In summary, significant challenges remain prior to the clinical deployment of these models. First, current investigations have not rigorously examined the impact of imaging modality. Variations in acquisition protocols can influence image quality; however, the potential effect of such heterogeneity on modeling outcomes has not been adequately addressed in the existing literature. Second, independent external validation is essential for establishing the generalizability of models. The predominant reliance on internal validation in the eligible studies implies that these findings propose a potential methodological approach rather than one ready for clinical application. Substantial additional evidence is required to confirm clinical utility and generalizability. Third, sample size presents a major constraint. Only a few studies provided a sufficient number of cases, and most encompassed fewer than 200 subjects. Consequently, discussions regarding model robustness necessitate larger, more powerful datasets. Fourth, the image segmentation process depends heavily on manual delineation. This approach is time-consuming and susceptible to variability introduced by the operator’s prior knowledge. Future work should prioritize developing and implementing DL-based automated or semiautomated segmentation techniques.

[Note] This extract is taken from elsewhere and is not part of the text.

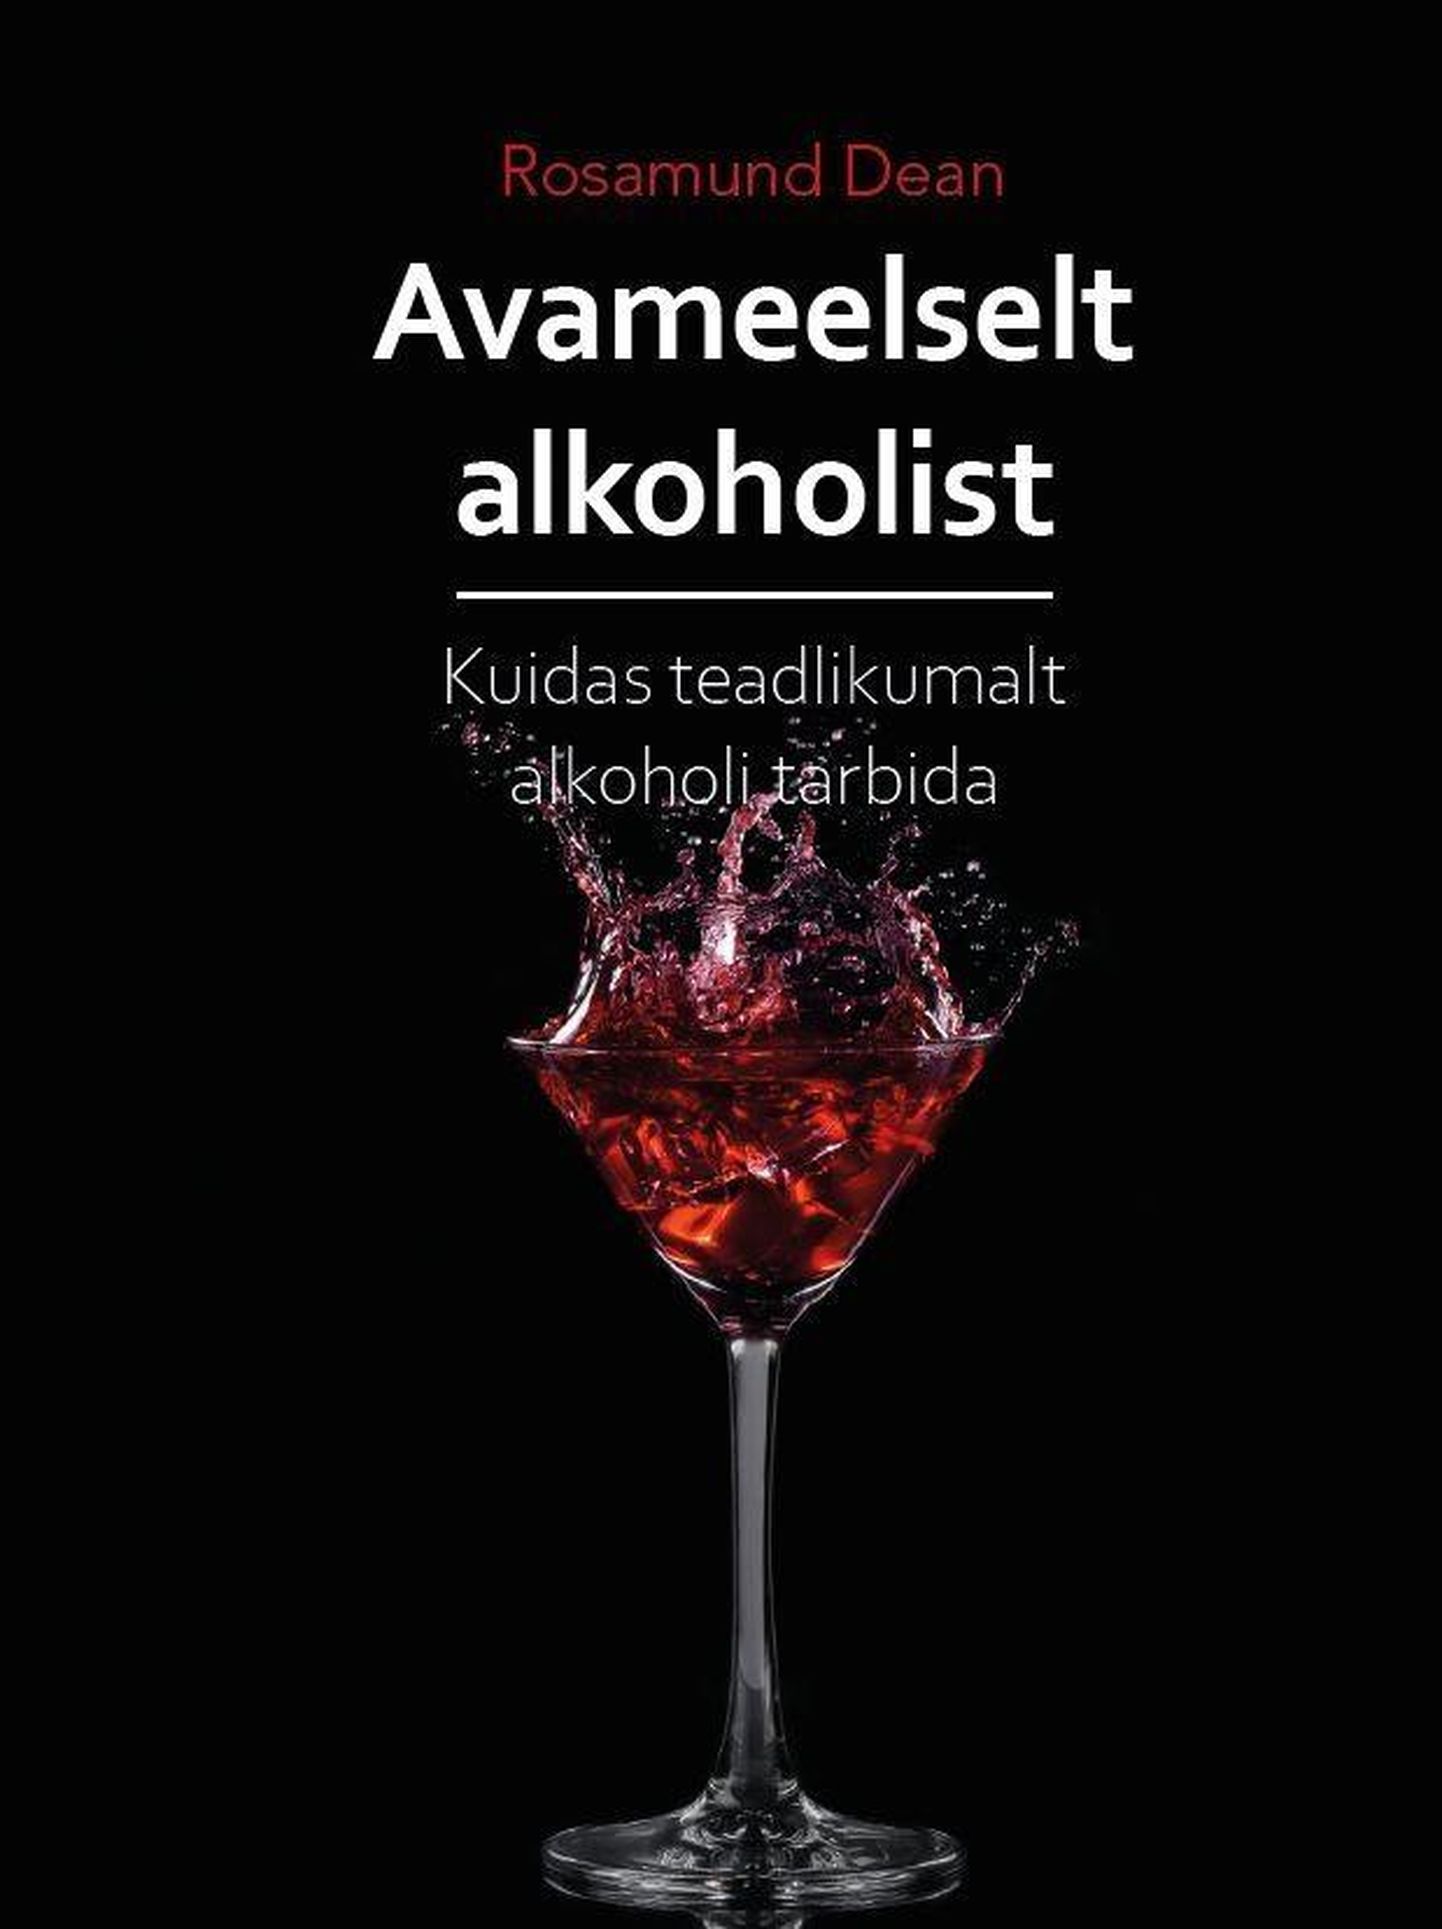 Rosamund Dean, "Avameelselt alkoholist. Kuidas teadlikumalt alkoholi tarbida".

To facilitate successful clinical translation, future investigations should prioritize the following areas: conducting robust pilot studies, performing reproducibility analyses on different imaging protocols and segmentation methods, ensuring adequate sample sizes, implementing multicenter external validation, comparing diverse ML architectures, and establishing protocols for continuous model updating and refinement.

Conclusions

This is the first systematic review to comprehensively assess radiomics for preoperative risk stratification in bladder cancer. The findings provide evidence to support the development and refinement of future ML-based tools for image analysis. However, due to limitations in the current evidence, such as methodological flaws and a high ROB, low GRADE level, clinical translation is not yet warranted. Future research should standardize radiomics workflows, incorporate multicenter images from diverse geographical regions, and minimize the impact of imaging protocols and pre-processing steps. These measures are essential to advance radiomics toward successful clinical implementation. Such efforts are essential for fully elucidating and validating the potential of radiomics in the noninvasive diagnosis of bladder cancer.